WER hat da was rausgetragen?
Der Besitzer? Oder "Diebe"?

Weinroter Polo....
Naja, das Kennzeichen wäre wichtiger.

Hast du Fotos gemacht`?
(Mindestens mit dem Handy)


----------



## Unregistriert (1 Januar 2011)

*AW: HardwareKing - OnlineShop [edit]*

der besitzer natürlich ....  vor ein paar tagen waren pcs auf dem thresen zu sehen ... die sind mittlerweile weg .... bestimmt um spuren zu verwischen.

das kennzeichen habe ich notiert ... reiche ich denächst mal rein


----------



## Unregistriert (3 Januar 2011)

*AW: HardwareKing - OnlineShop [edit]*

Hallo User,

ich habe gerade mit erschrecken festgestellt, das wohl der Verkäufer Hardware-king ein Betrüger ist, so wie sich das in diversen Foren so abzeichnet.

75 Ich habe auch eine PS3 am 22.12.2010 bestellt und erst jetzt merke ich, das ich wohl auch einem Betrug zum Opfer gefallen bin. Falls eine Sammelklage entstehen sollte, werde ich mich der anschliessen. Meine E-mail werde ich nach anfrage mitteilen.
Anzeige werde ich so oder so machen.

LG


----------



## Captain Picard (3 Januar 2011)

*AW: HardwareKing - OnlineShop [edit]*



Unregistriert schrieb:


> . Falls eine Sammelklage entstehen sollte, werde ich mich der anschliessen.
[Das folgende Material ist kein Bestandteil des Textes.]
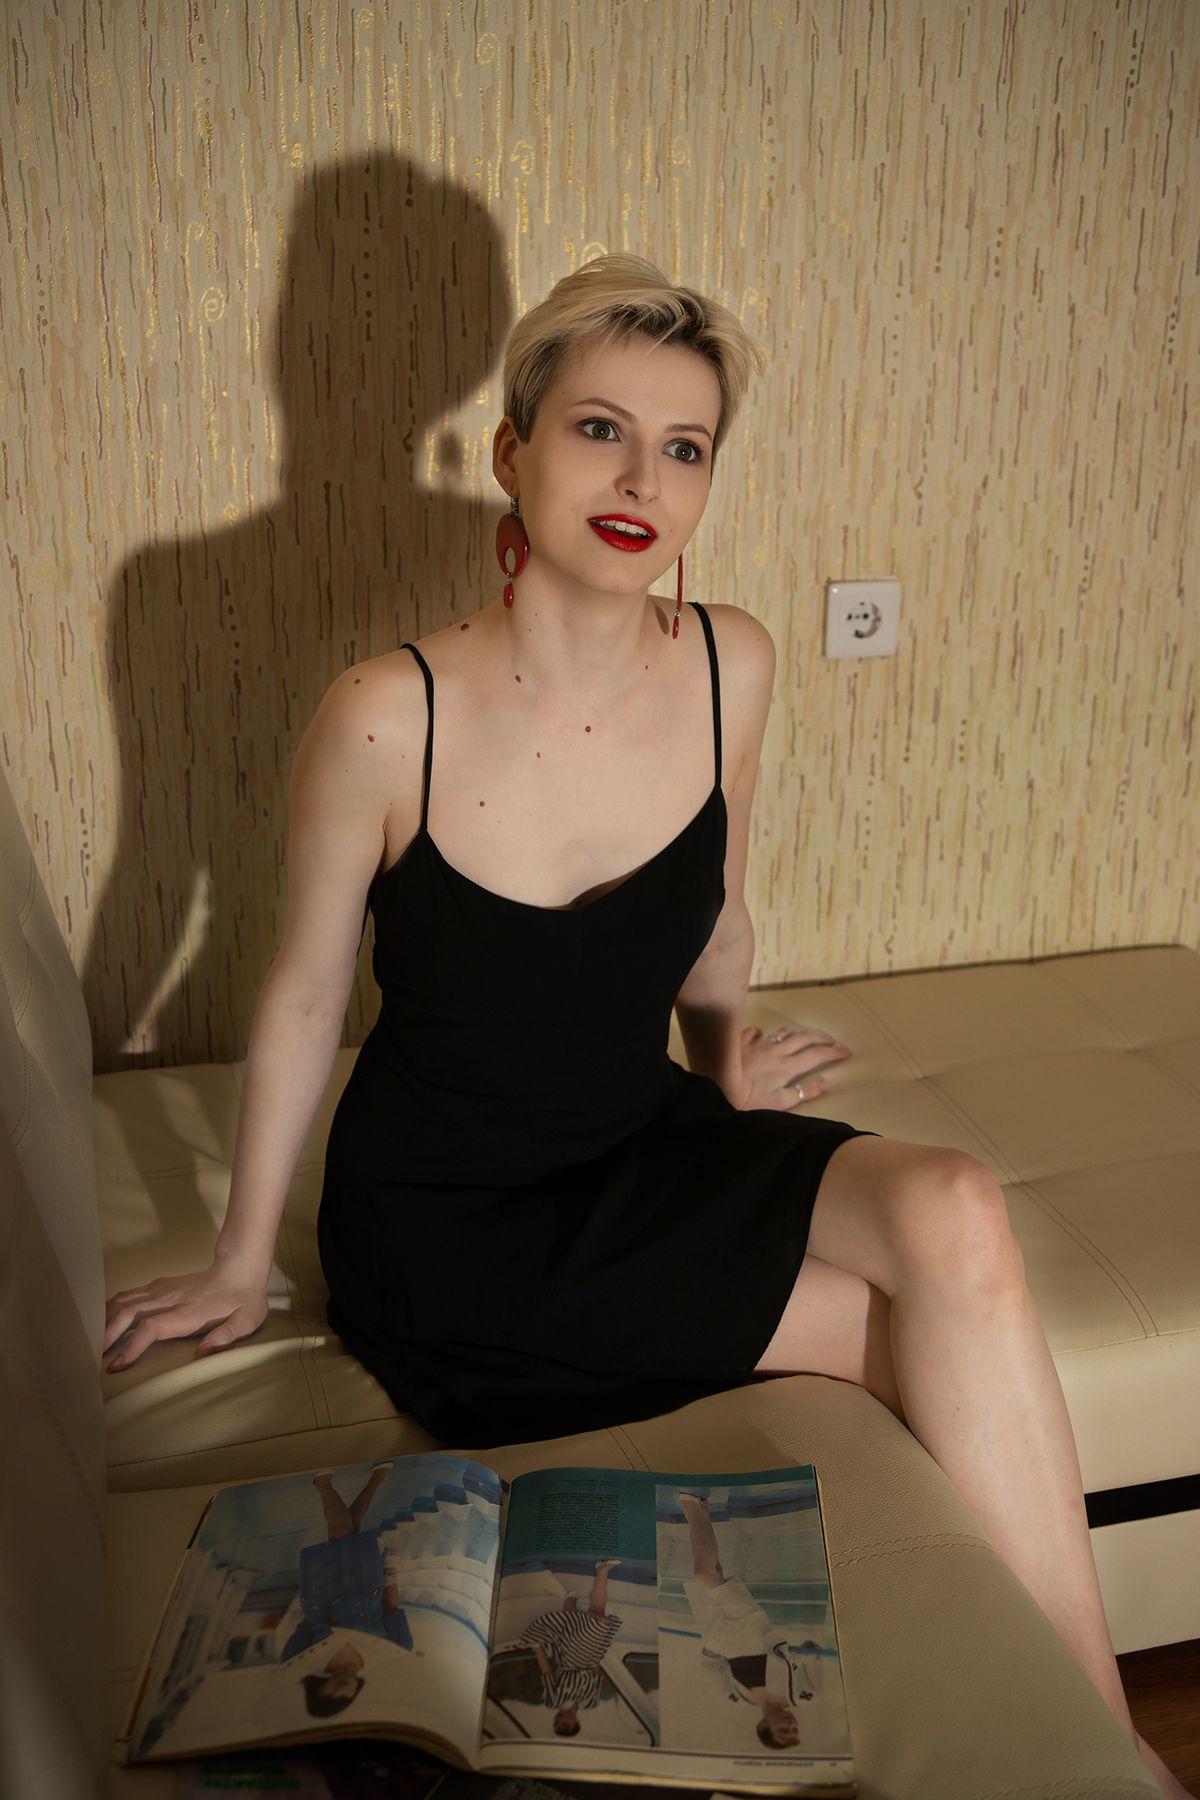 Diana девушка портрет блондинка

Es gibt keine Sammelklage in Deutschland >>  http://forum.computerbetrug.de/infos-und-grundsatzartikel/27882-sammelklage.html


----------



## Unregistriert (3 Januar 2011)

*AW: HardwareKing - OnlineShop [edit]*

Hallo ihr lieben,

uns und vielen vielen anderen geht es genau so. Es ist eine absolute Frechheit. Wir haben heute RTL eingeschaltet.


----------



## Reducal (3 Januar 2011)

*AW: HardwareKing - OnlineShop [edit]*



Unregistriert schrieb:


> Wir haben heute RTL eingeschaltet.


Anonym sicherlich, wie hier! Die vierte Instanz im Staate, neben Judikative, Exekutive und Legislative, wirds zreißn. :scherzkeks:


----------



## Unregistriert (4 Januar 2011)

*AW: HardwareKing - OnlineShop [edit]*



Unregistriert schrieb:


> Hallo ihr lieben,
> 
> uns und vielen vielen anderen geht es genau so. Es ist eine absolute Frechheit. Wir haben heute RTL eingeschaltet.



Hallo,
ich hatte bei Hardwareking im Oktober einen Rechner gekauft und erhalten. Im Dezember fiel er aus, vermutlich Netzteil defekt. Ich habe ihn nichtsahnend zur Reparatur eingesandt und seither ist Funkstille.
Mein Sohn hat jetzt nach dem Laden geschaut: 
Er sei nicht ausgeräumt aber von der Polizei geöffnet und durchsucht.
Sie hat an der Eingangstür ein Schreiben hinterlassen mit dem Hinweis Vorgangs-Nr. 101227-1533-029804 bei Polizeistelle 54 (Sonnenallee) Tel. 030 4664 573316. Es meldet sich die Kripo.
Man hat mir geraten, Anzeige zu erstatten wegen Verdacht auf Unterschlagung. 
An den Rechner - ob repariert oder nicht repariert - kommt man auf diesem Weg kurzfristig nicht ran, es sei denn, Yeldrin taucht wieder auf. Zum Glück war es ein Billigrechner....


----------



## Reducal (4 Januar 2011)

*AW: HardwareKing - OnlineShop [edit]*



Unregistriert schrieb:


> ....von der Polizei geöffnet und durchsucht.
> Sie hat an der Eingangstür ein Schreiben hinterlassen mit dem Hinweis Vorgangs-Nr. 101227-1533-029804....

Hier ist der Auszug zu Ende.